If your getting food from the dining halls, then it's "simply" a matter of getting really good at eyeballing macronutrients.

Here's a few examples of what I've been ordering:

Hamburger w/ cheese and no bun + extra lettuce (your new bun), big salad w/ dressing, small veggie chili, apple.

Salmon filet, salad, fruit medley + sunflower seeds.

Chicken stir-fry, except don't have them load on the crazy teriyaki sauce. Insist on olive oil, sciracca, or just water instead. Acount for your own carbs and fat. Skip the rice.

My whole dining plan is "a la carte," so I end up spending a lot because of weighing salads and stuff. Oh well, a pound of salad is way more filling than 1 slice of bread. I am probably eating fewer calories, but higher quality and balanced ones.
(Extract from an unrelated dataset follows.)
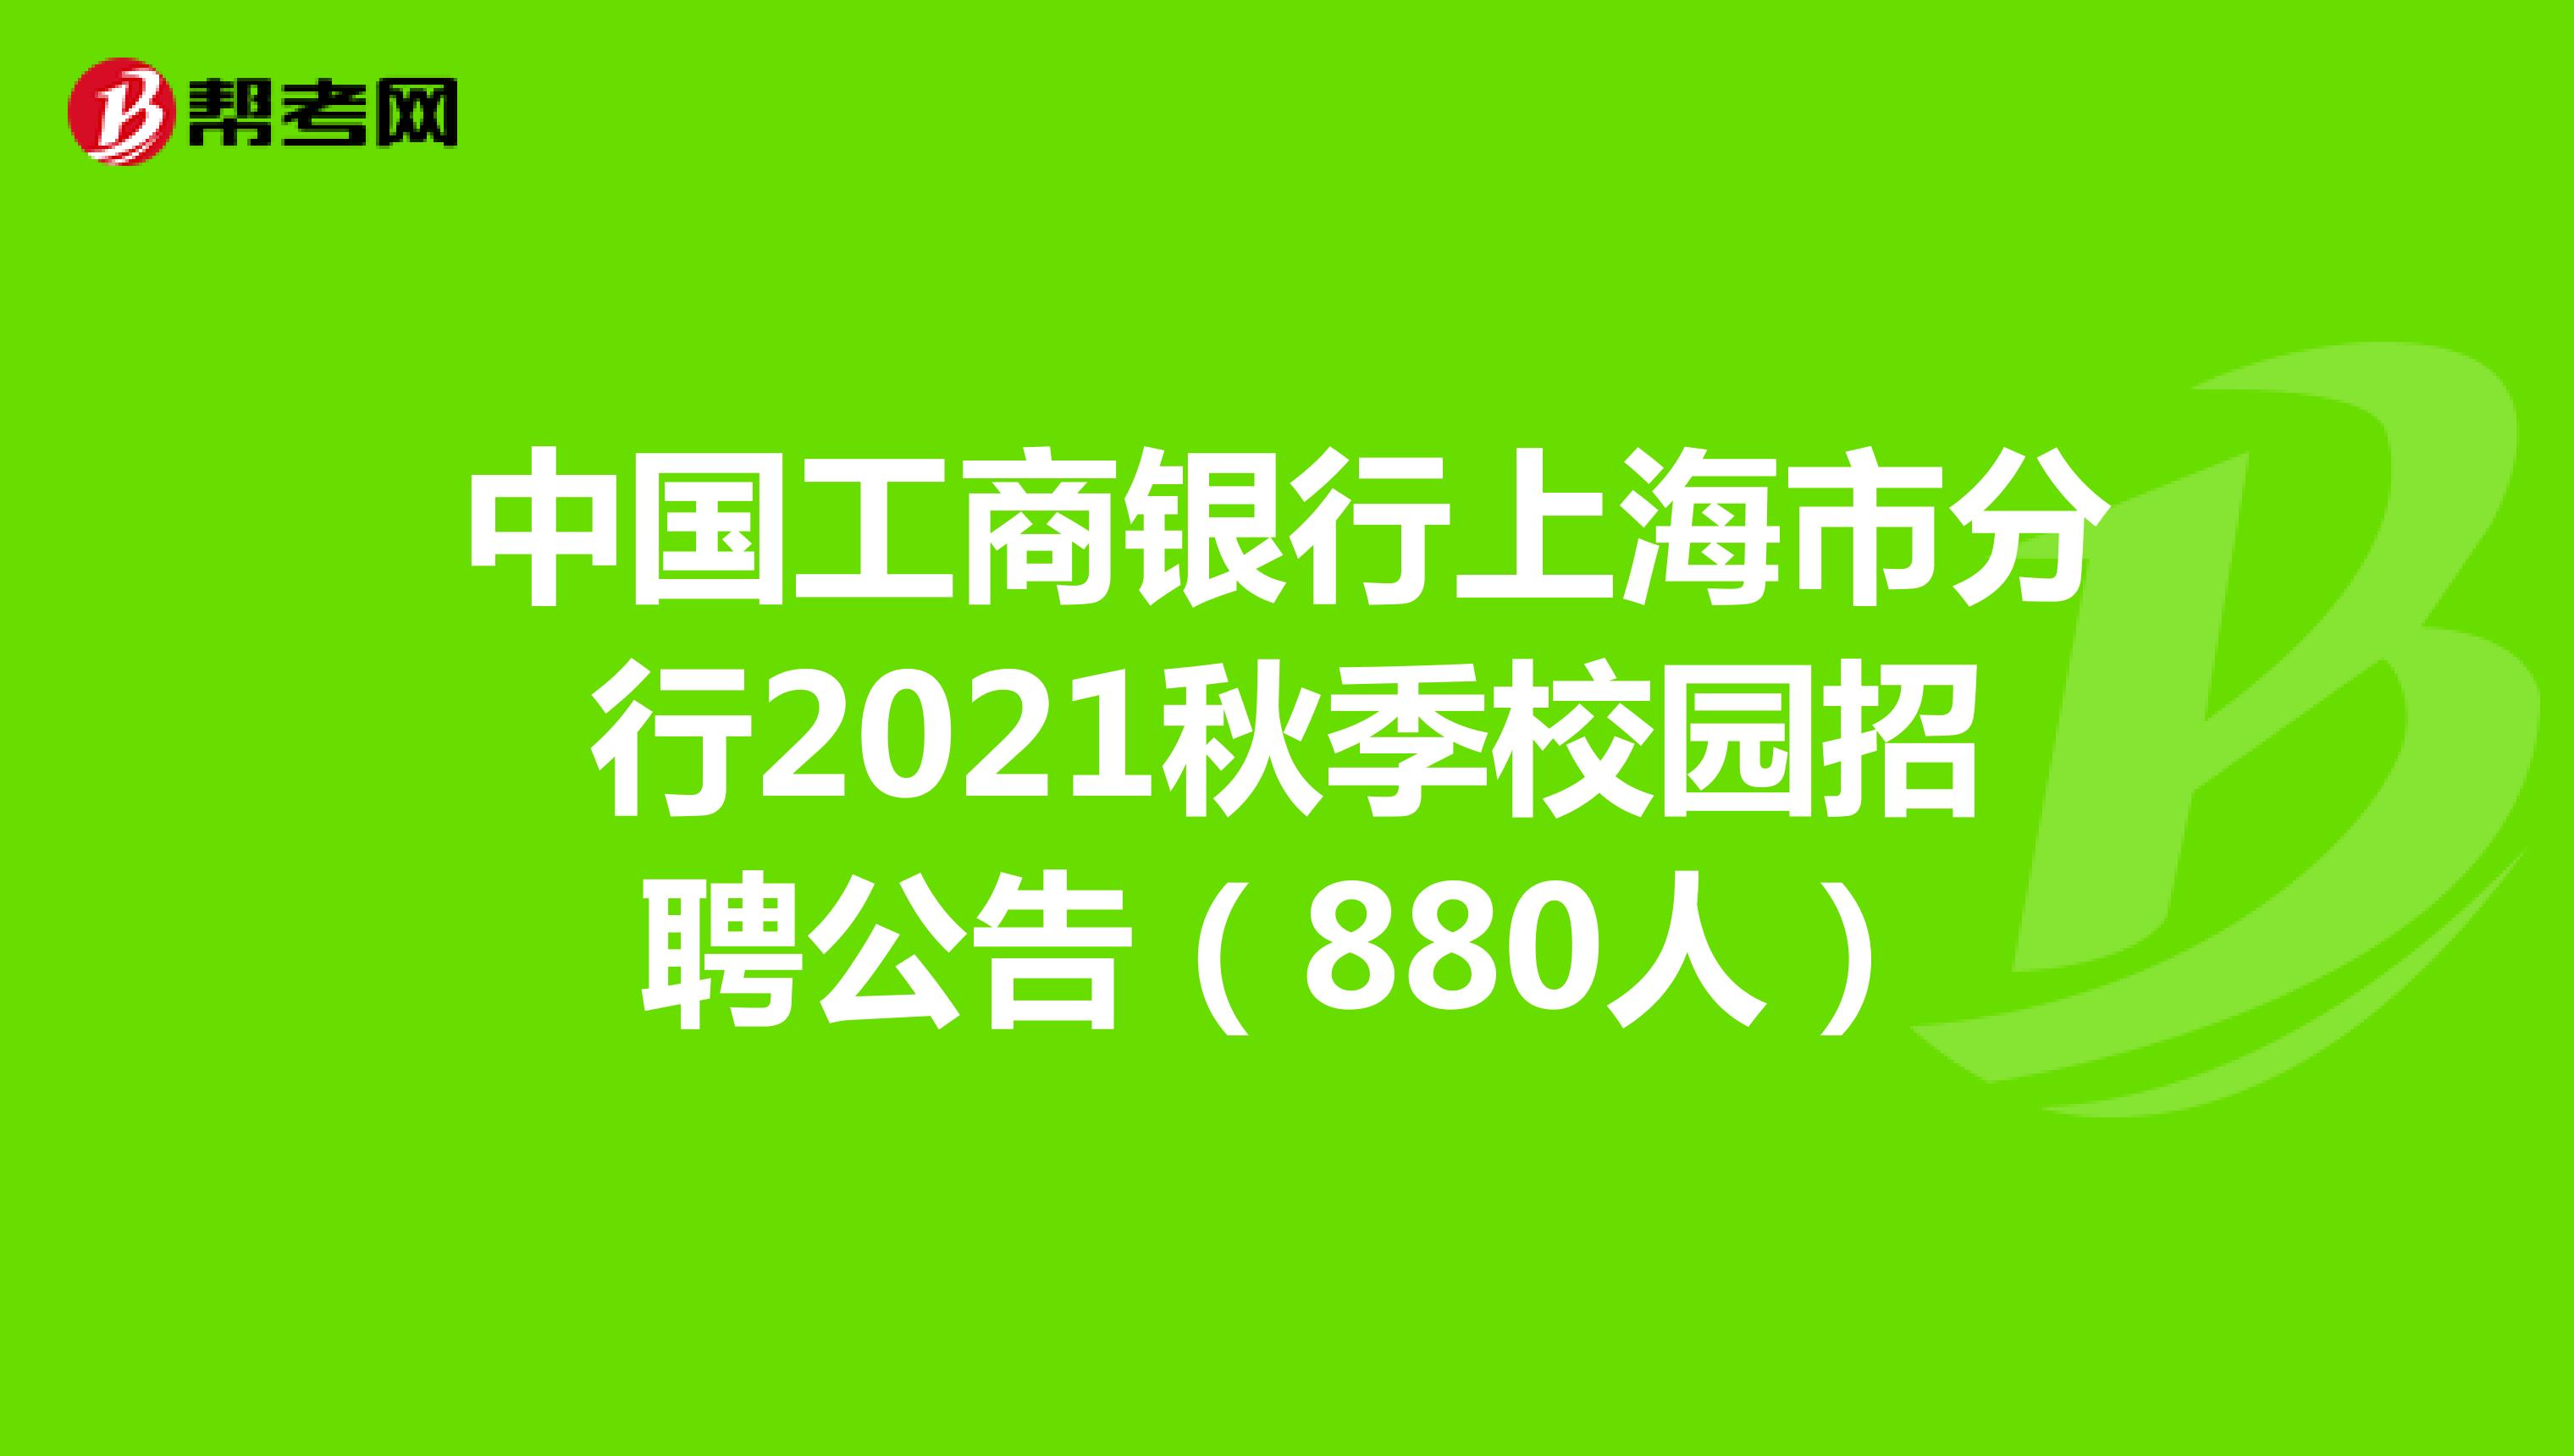 中国工商银行上海市分行2021秋季校园招聘公告（880人）

In fact, I have started cooking some meals on my own just to counterbalance all the dining money I rip through. This is a good time to break out the measuring cups and food scale to refine your eyeball skills and dial in a solid meal.


And CFJ 21 is where it's at. Also, I refer to these two sites a ton (wfs):
http://www.nutritiondata.com/
http://www.mitymous.net/weights/zoneblox.htm

Also, if you have a minifridge in your room, then you can always stock up on quality items like fruit, veggies, plain yogurt, and cottage cheese. More longer-lasting things I have are raw almonds, raw walnuts, beef and turkey jerky, and a variety of tea.

Last edited by Ben Moskowitz : 11-16-2007 at 05:43 PM.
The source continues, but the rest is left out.